§ **YOUR TASK**: When the line with "Numbers Learning Fun" turns up below, begin repeating exactly, and carry on through the line with "Neurotrophic Tyrosine Kinase"; no pictures go into the copy.

§ **PROVIDED ENTRIES**:
<<<<

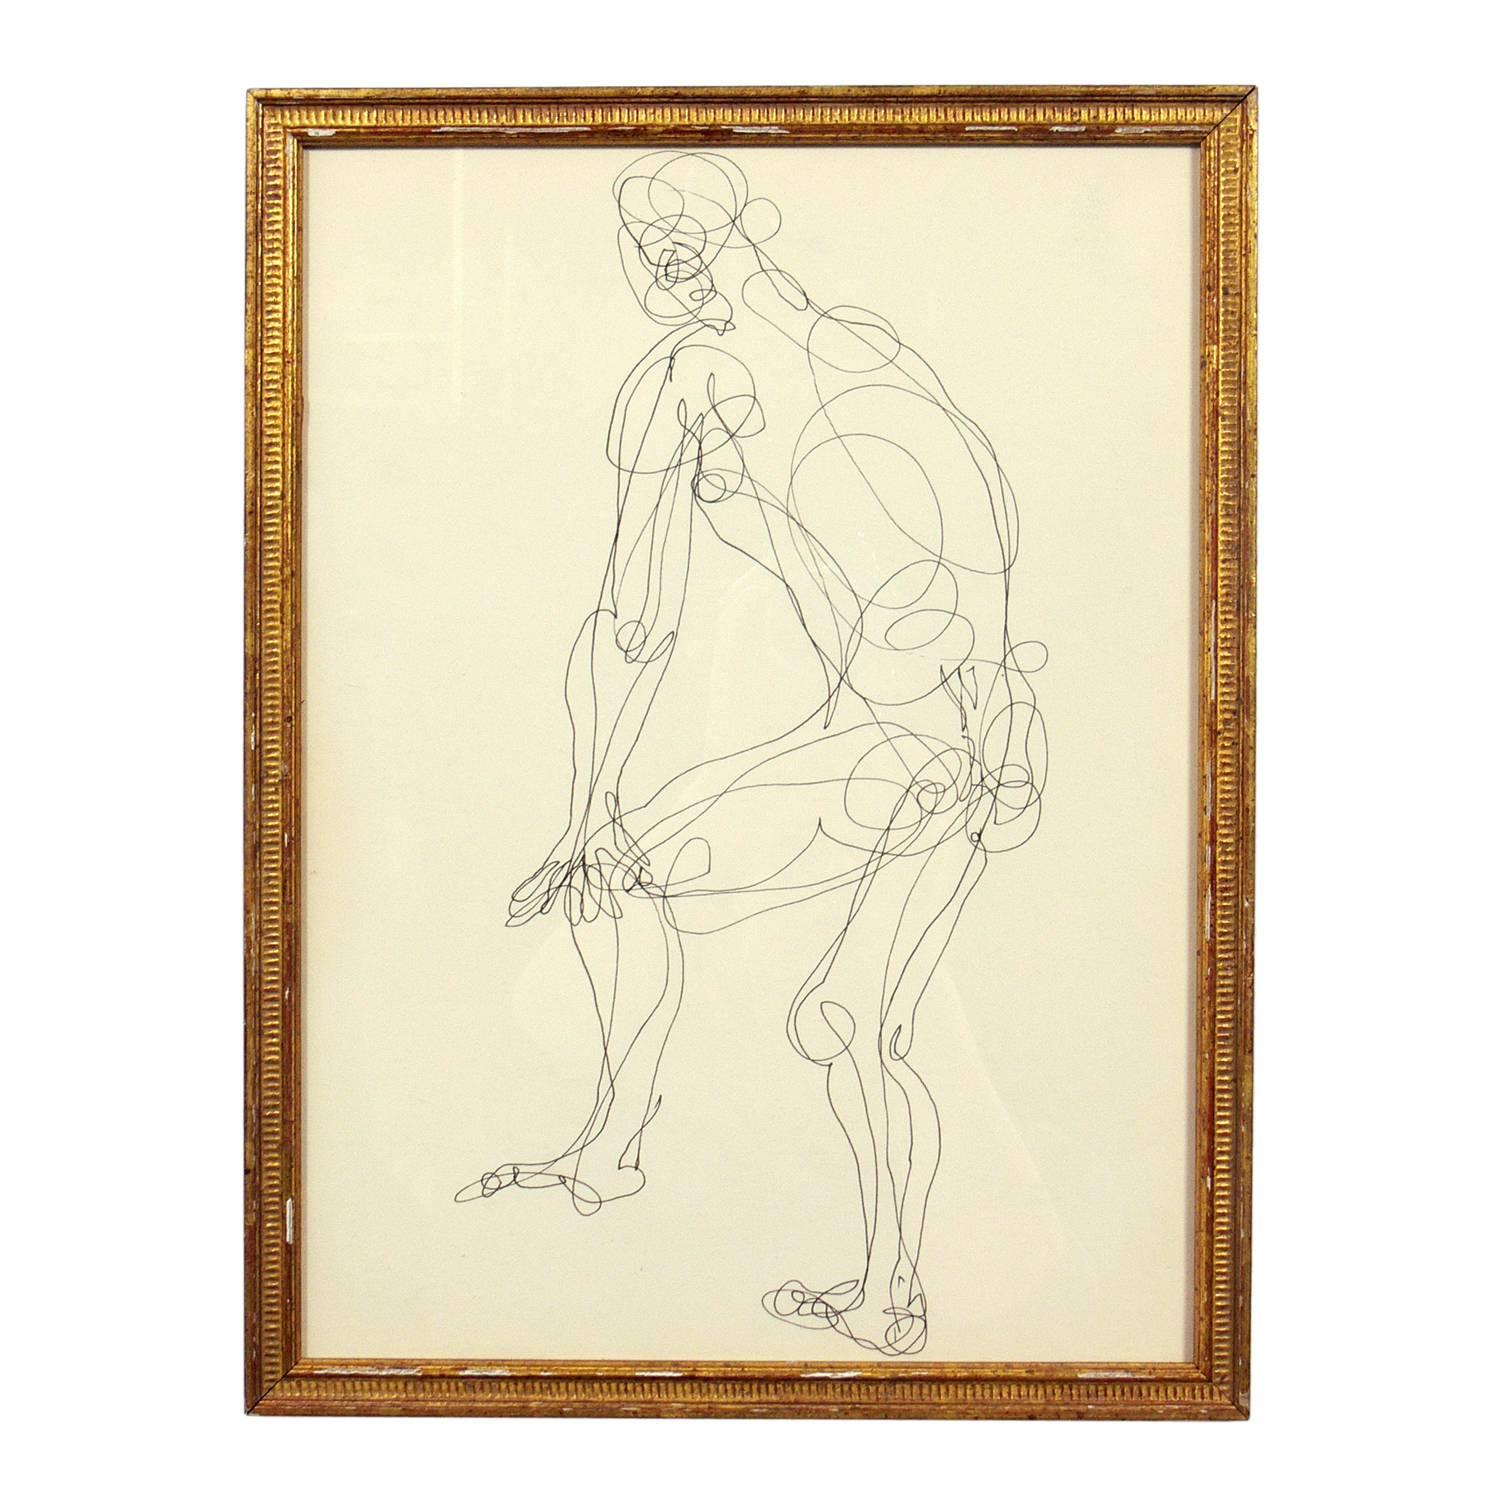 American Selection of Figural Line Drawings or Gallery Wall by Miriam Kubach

>>>>
<<<<

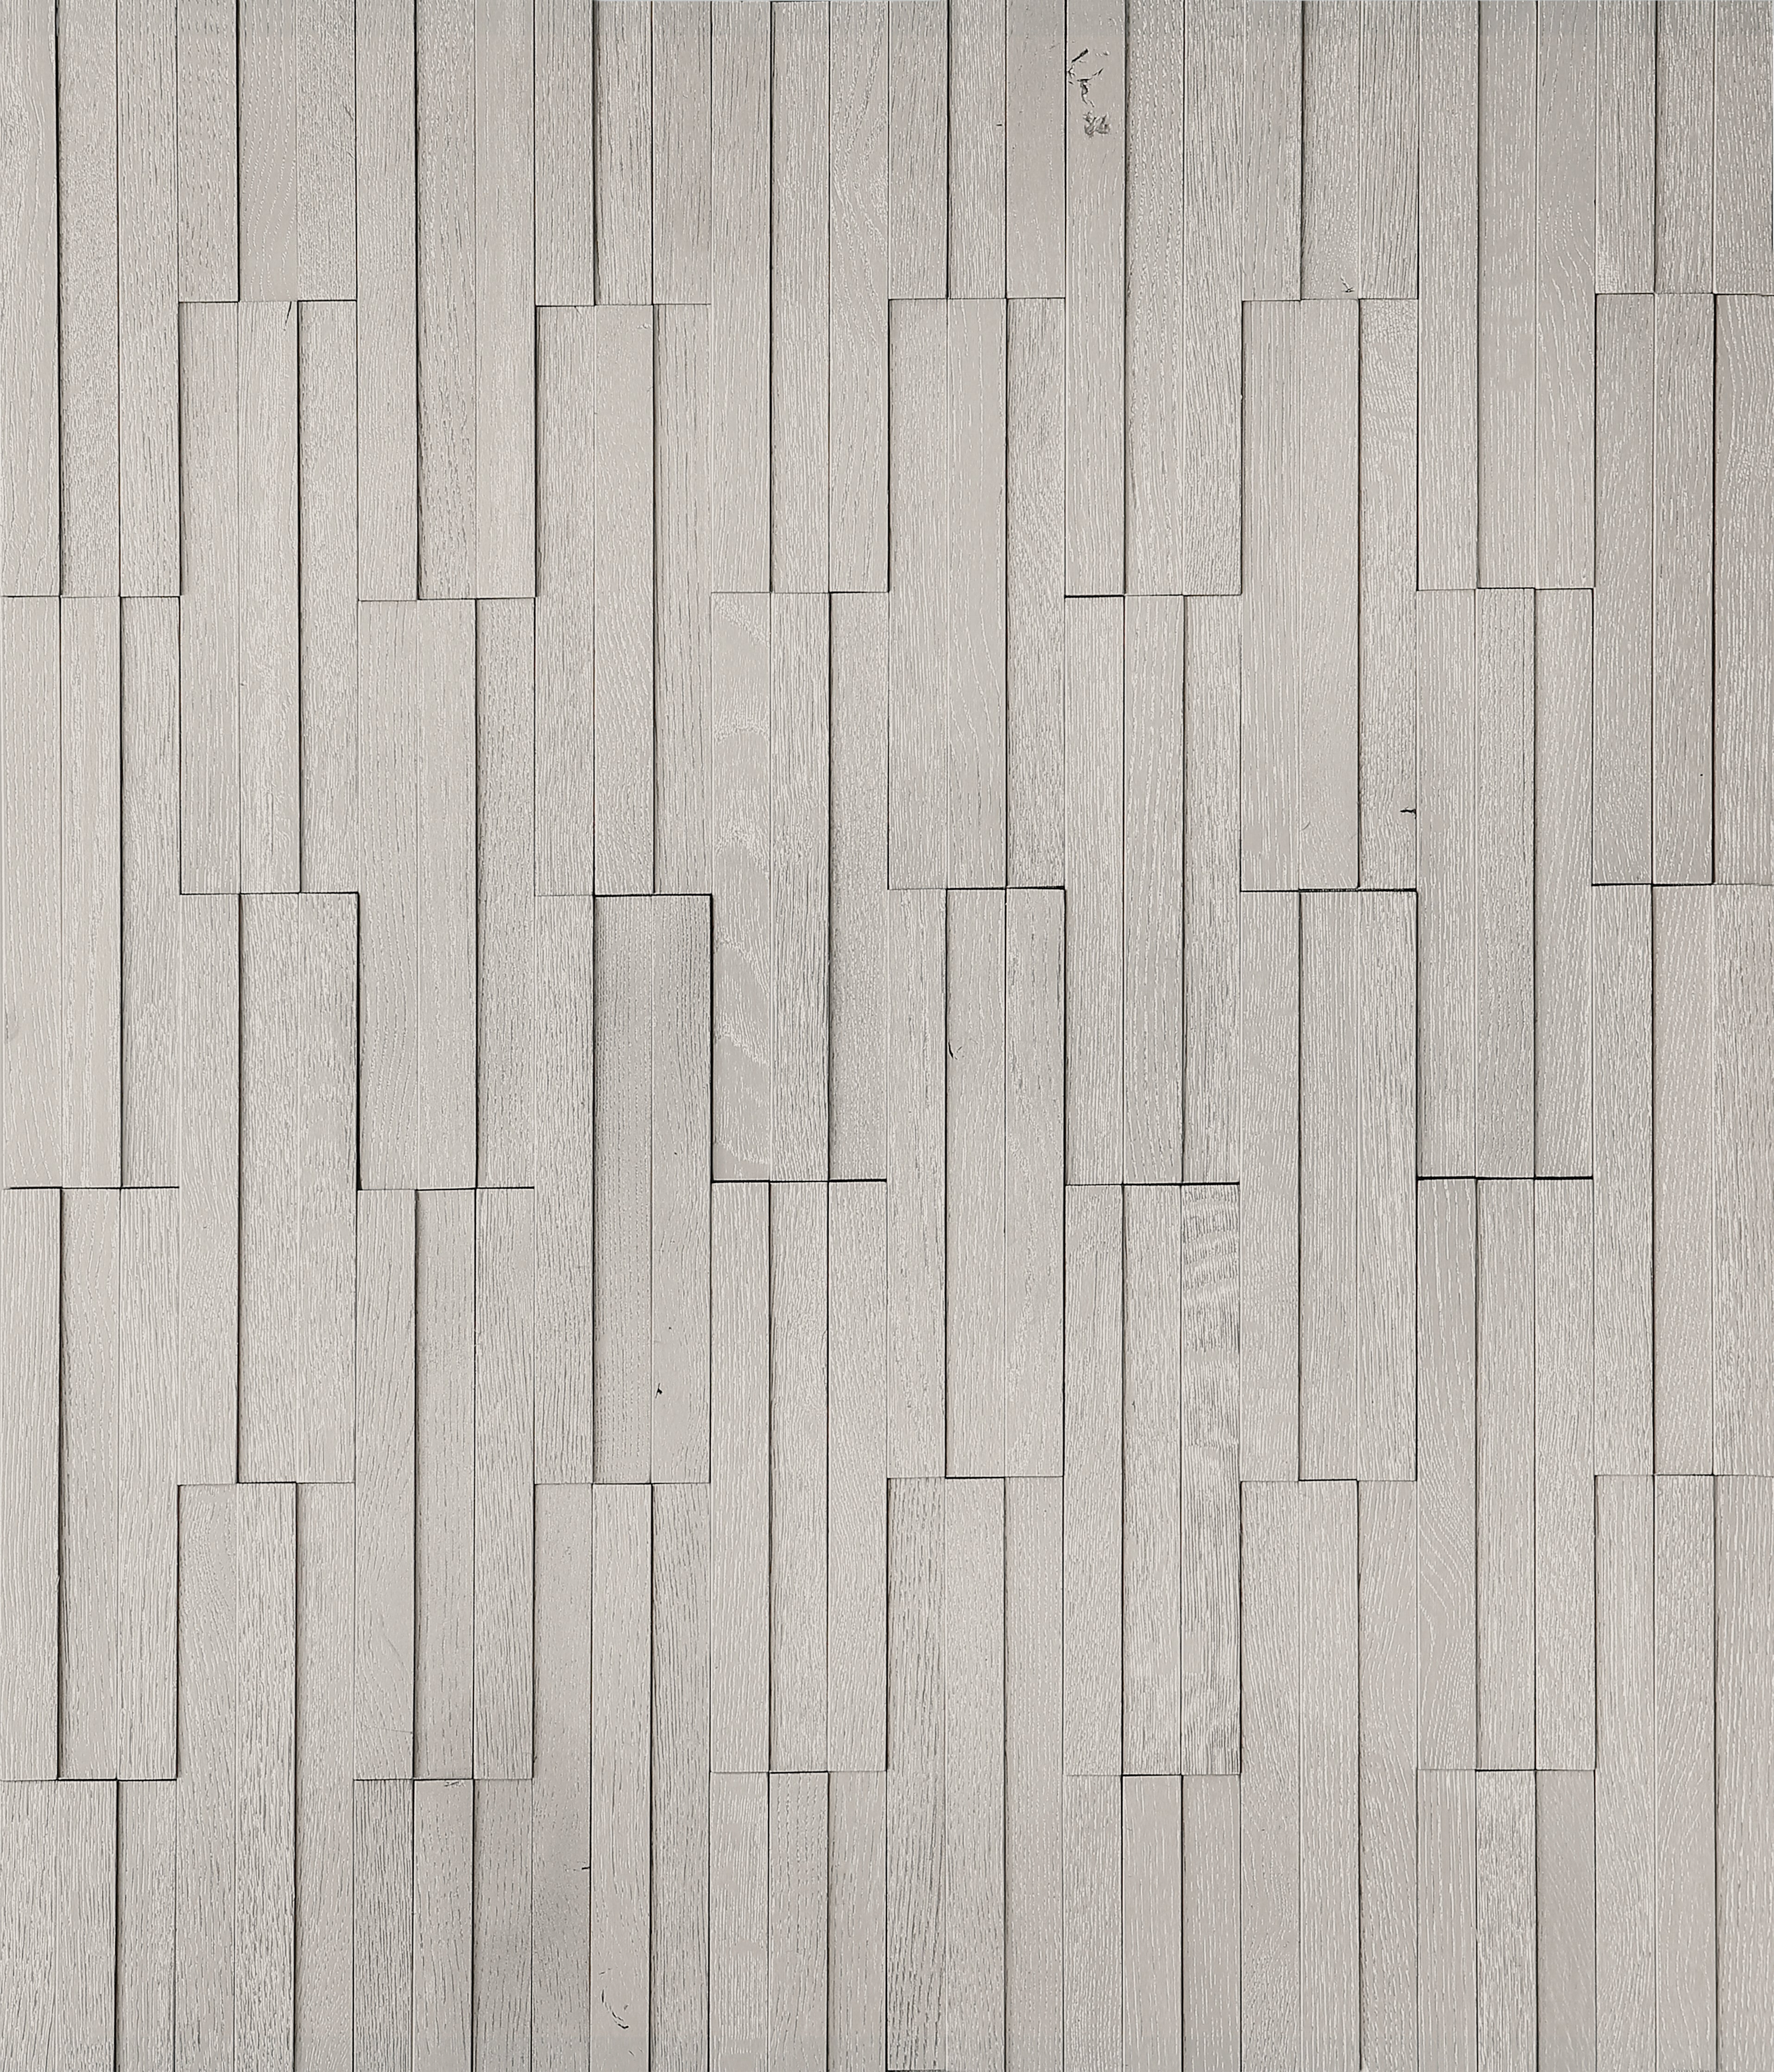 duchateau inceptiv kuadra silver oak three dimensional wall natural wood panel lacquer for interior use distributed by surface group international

>>>>
<<<<

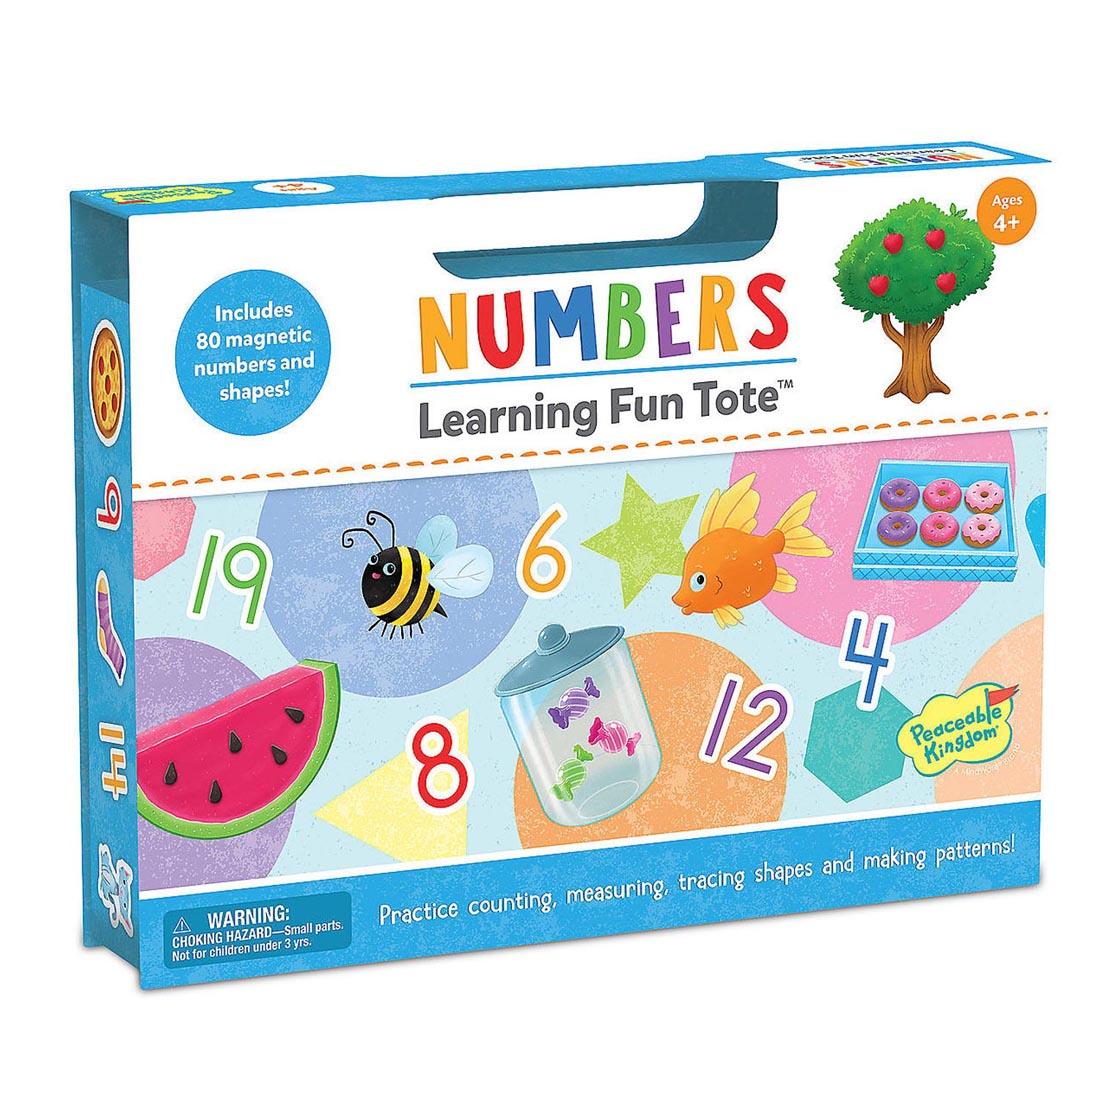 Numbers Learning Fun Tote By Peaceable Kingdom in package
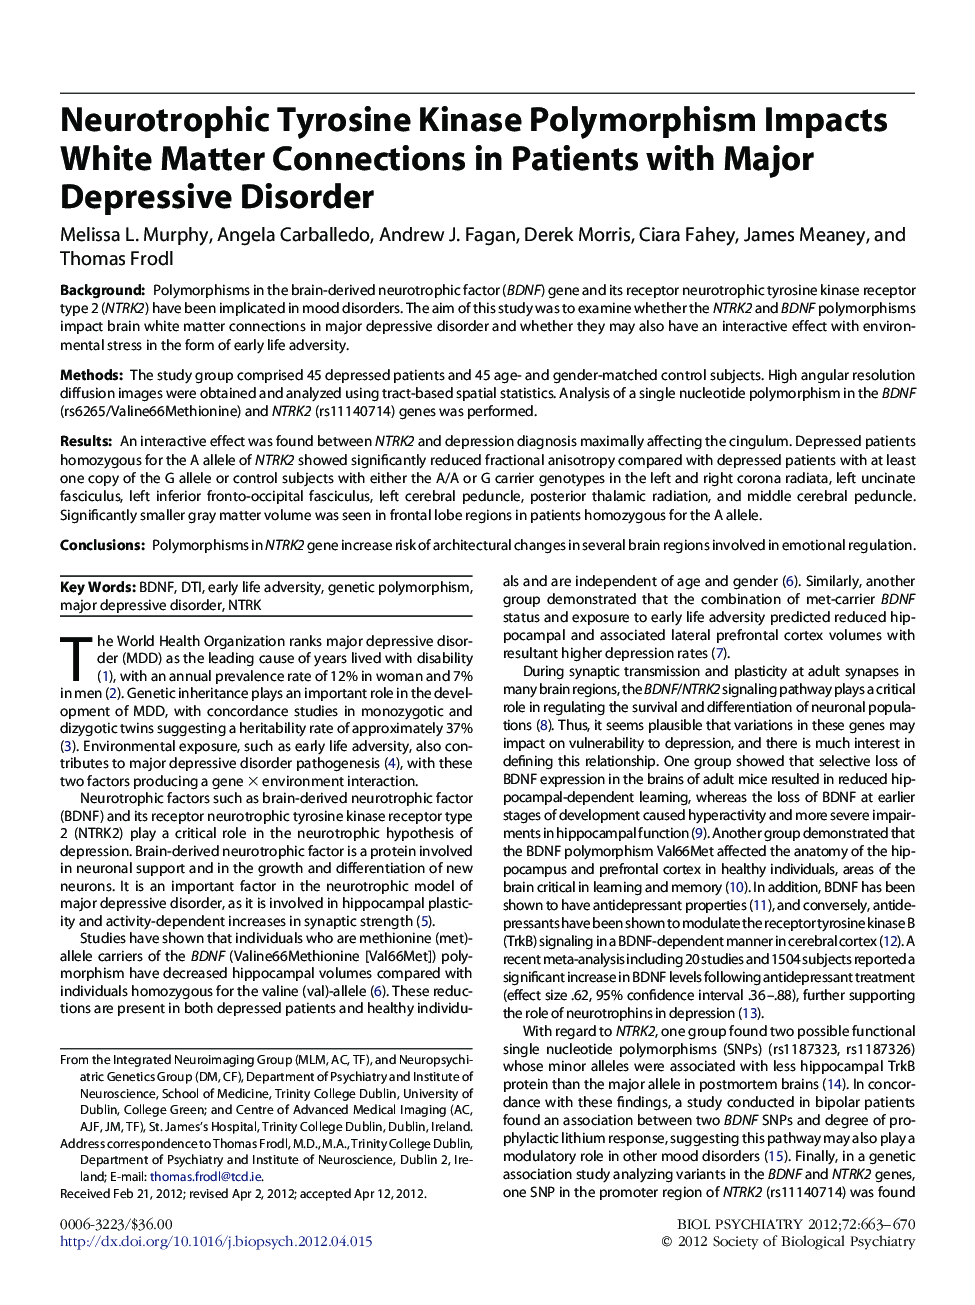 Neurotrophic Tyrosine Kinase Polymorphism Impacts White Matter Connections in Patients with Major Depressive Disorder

>>>>

§ **WRITTEN REPLY**:
 Numbers Learning Fun Tote By Peaceable Kingdom in package
 Neurotrophic Tyrosine Kinase Polymorphism Impacts White Matter Connections in Patients with Major Depressive Disorder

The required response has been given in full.